# Finally got up to date pics of my bunch..



## angelofwhimsy (Dec 11, 2011)

http://www.flickr.com/photos/[email protected] ... otostream/ (for more varied pics)

Cast list:
(boys)
Unnamed boy - unknown colour, suggested broken blue agouti tan as he has a blob of tan under his bottom and a bi-colour tail 









Mycroft - blue self









Jasper - satin dove tan

















Morgan - black tan









Miles - another unknown, long haired broken champagne tan perhaps? The tan spans his full body though so not completely sure. Hard to get a good shot. (2 years old - has a cataract)

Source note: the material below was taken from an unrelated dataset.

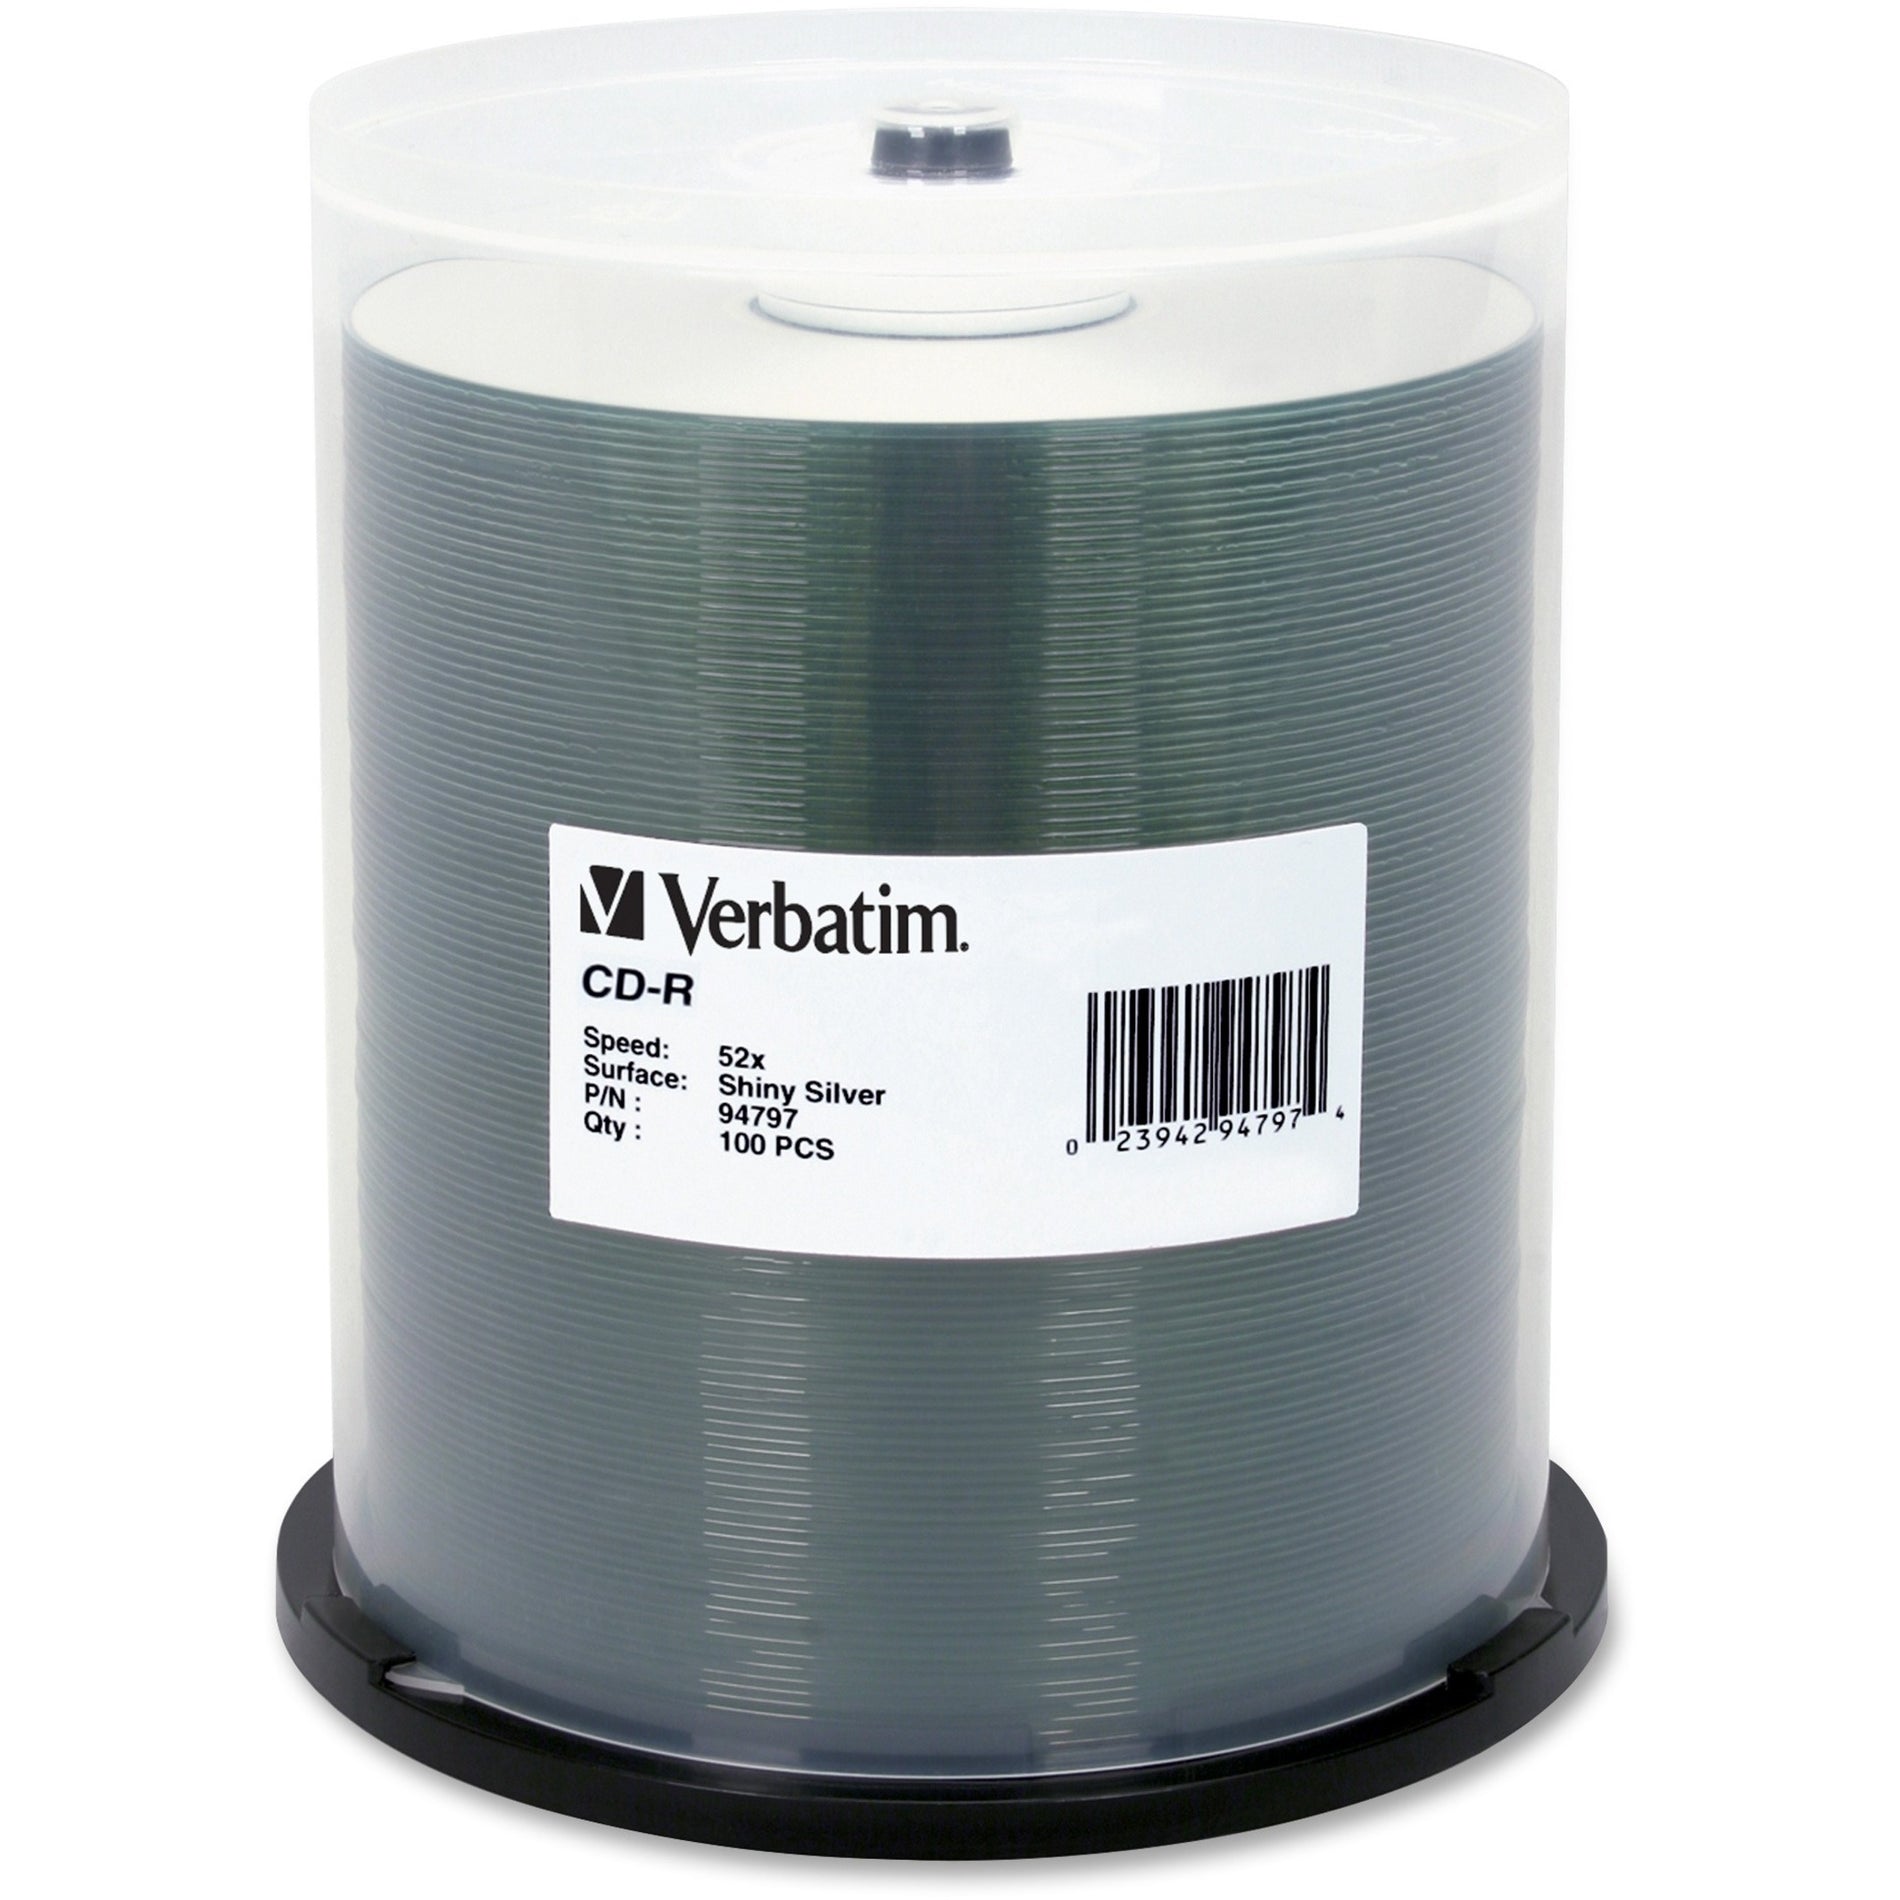 Verbatim 94797 CD-R 700MB 52X DataLifePlus Shiny Silver Silk Screen Printable - 100pk Spindle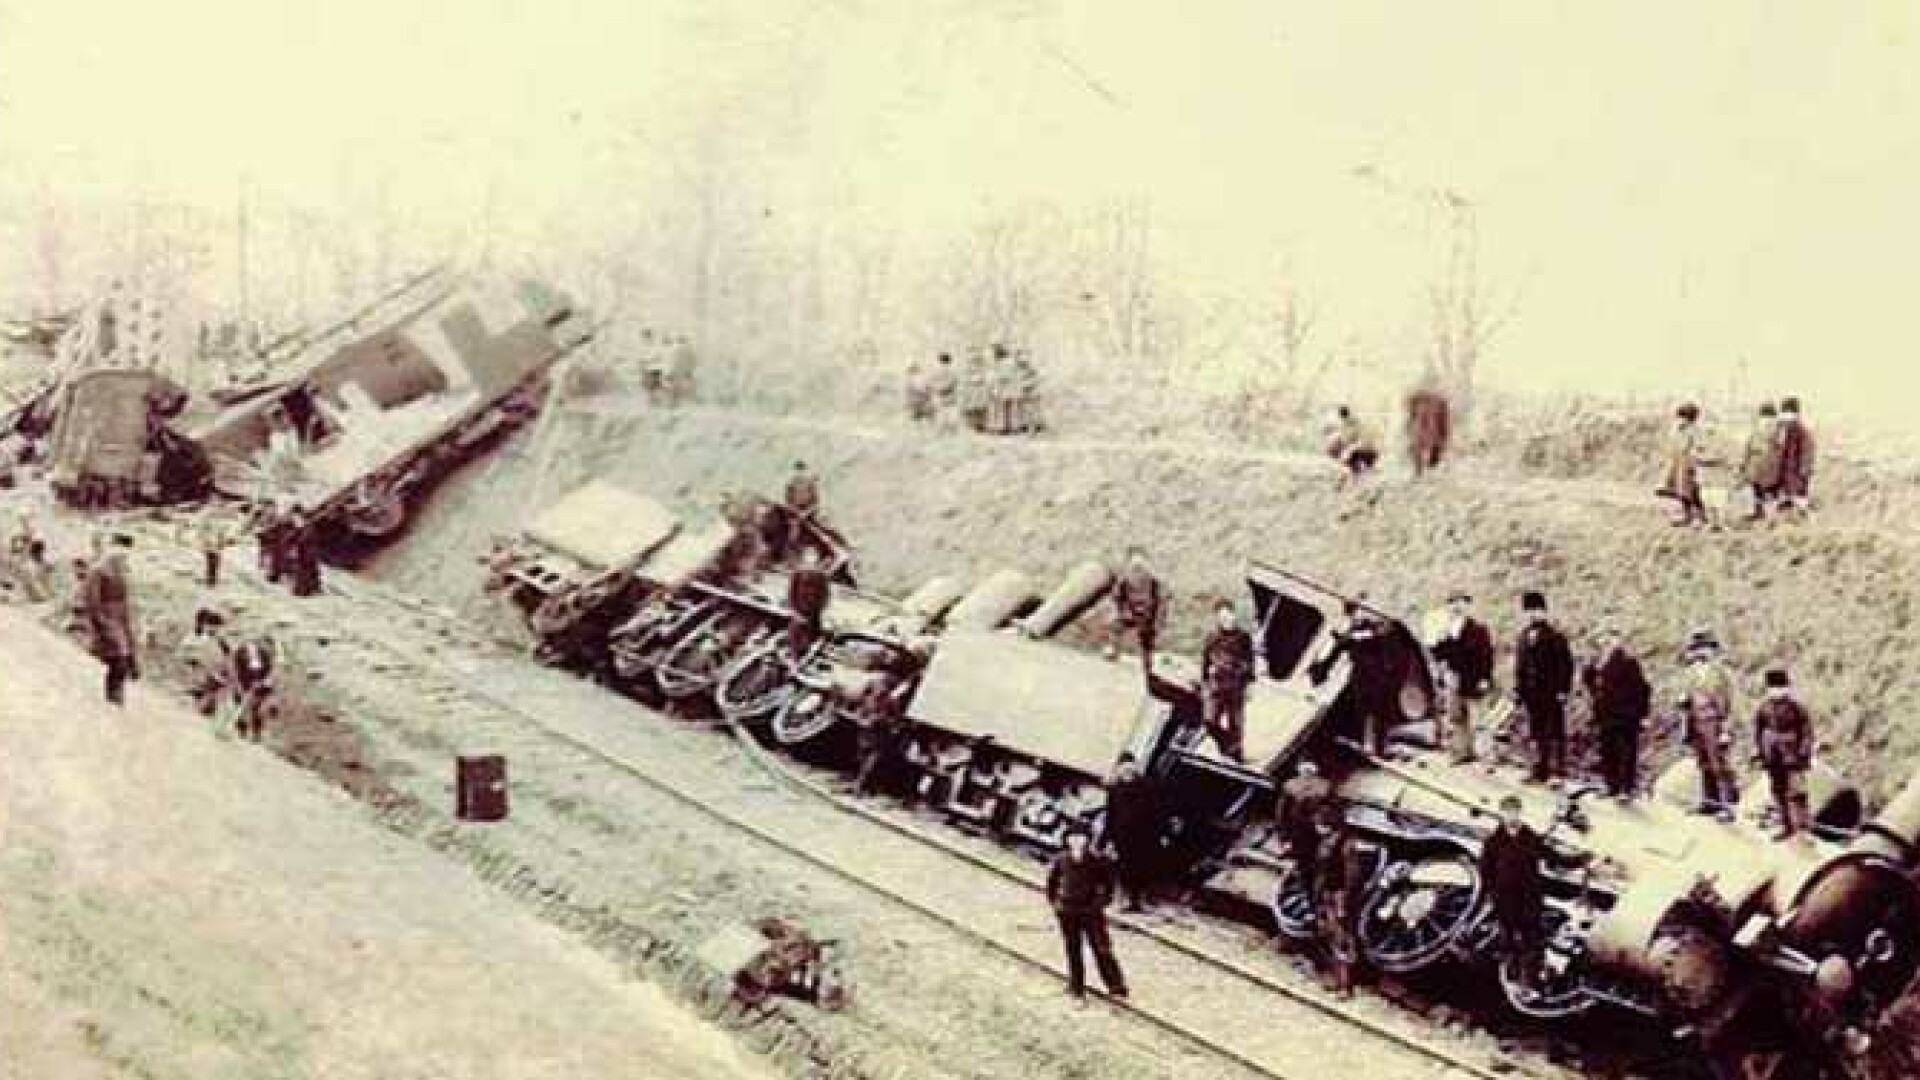 tragedie feroviara vintileanca

Marble - normal tri colour









Murmur - normal tri colour









(girls)
Miami - stone tri colour

















Missy - long-haired broken/pied chocolate satin (2 years old - has a cataract)









Marina - satin(?) dove tan









Mercedes - self champagne/beige/stone









Mischief - blazed black girl









Unnamed new girl - poor pied dove maybe?









Unnamed new girl - unknown, any guesses? Could be ivory/bew, or a super pale silver or something else entirely

















Unnamed new girl - pied black 'fuzzy hairless'


----------



## onionpencil (Jan 6, 2013)

pretty cute bunch!


----------



## angelofwhimsy (Dec 11, 2011)

Thank you!


----------



## TwitchingWhiskers (Feb 2, 2013)

Beautiful mice. They all have such nice ears.


----------



## angelofwhimsy (Dec 11, 2011)

Aww, thank you ^^ they do have nice, big ears <3


----------



## ThatCertainGlow (Jun 23, 2012)

angelofwhimsy said:


> Unnamed new girl - unknown, any guesses? Could be ivory/bew, or a super pale silver or something else entirely


No idea what she is, other then appearing BEW in the picture lighting, but I really like the way she is put together.  Nice bunch of pictures. Did many of these come from a breeder?

-Zanne


----------



## angelofwhimsy (Dec 11, 2011)

They all are  Mycroft, Morgan, Jasper, Marble, Murmur, Miami and Marina were all from a Leicester breeder Morning Star, Mischief, Mercedes, Miles and Missy were from another Leicester breeder Kage Davies, and the 4 unnamed babies are from a Derby breeder who is working on naked lines  (but she's not a member here I don't think?)


----------



## nataliew (Feb 2, 2013)

They are all beautiful my favouite is murmur


----------



## angelofwhimsy (Dec 11, 2011)

Awww, thank you! Murmur is gorgeous but I have to admit my soft spot is for my older mice, two are 2 years old, two are 18 months, and three are about 14-15 months old so I always feel a bit like I'm looking after them on borrowed time


----------



## Seafolly (Mar 13, 2012)

I know what you mean by having a soft spot for the older ones! I truly adore my foundation mice (1 year, 2 months...not too old yet).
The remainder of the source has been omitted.